Vegeta: After class..........if you survive.  
  
Relena: (thinks to herself) Mmmm, I can't wait!  
After recovering, Ash puts Charizard away.  
  
Izzy: Are we ever going to get down to doing some work cause if you don't have any for us i'd rather be at home on my computer. I just got the new P3 1 gig processor and a 9200 rpm 500 gig hard drive, and a 65 inch flat panel screen.  
  
T.K: How does all that fit in your room?  
  
Izzy: I don't really have a room, I live on the street, I just say that I have all that stuff so people don't bug me.(Izzy whispers to T.K.)  
  
Vegeta: Yes, I guess we could do some work.  
Vegeta walks to the front of the room and begins to right notes on the board.  

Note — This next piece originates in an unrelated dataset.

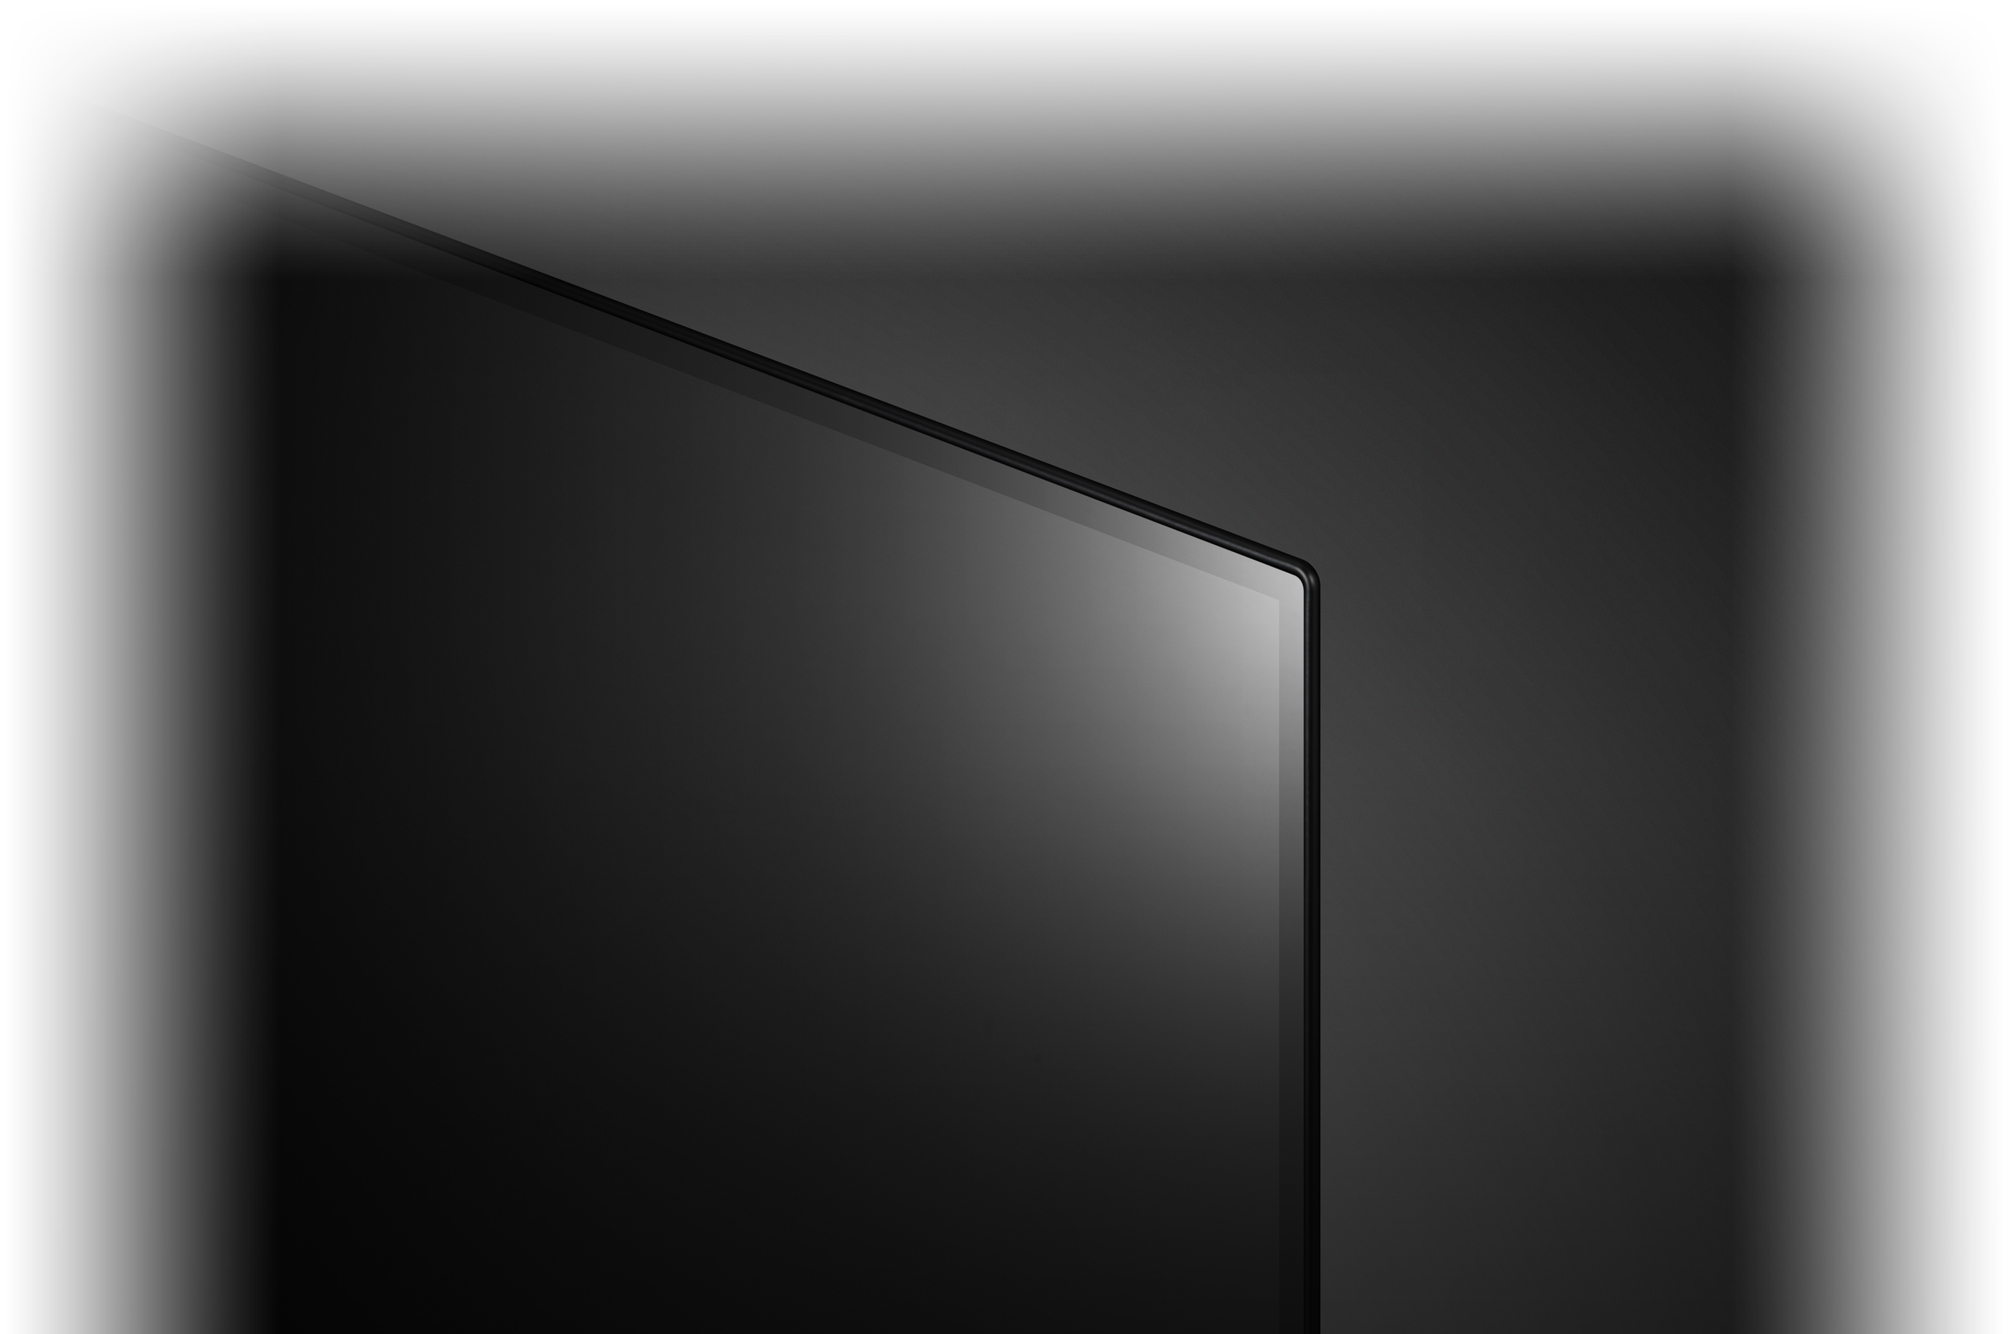 LG Pro:Centric SMART 65ET960H (NA) 11

The class starts to copy them.  
  
A dozen eggs  
4 two-litre cartons of milk  
22 pounds of cheese  
80 pounds of chocolate bars  
3 tubes of toothpaste  
  
Vegeta: There, solve that.  
He sits down at his desk and pulls out another liquor bottle in a brown paper bag.  
Lita raises her hand.  
  
Vegeta: Why is your hand raised like that?  
  
Lita: I have a question.  
  
Vegeta: Well, what is it then?  
  
Lita: What are we supposed to solve for.  
  
Vegeta: You solve the shit on the board!  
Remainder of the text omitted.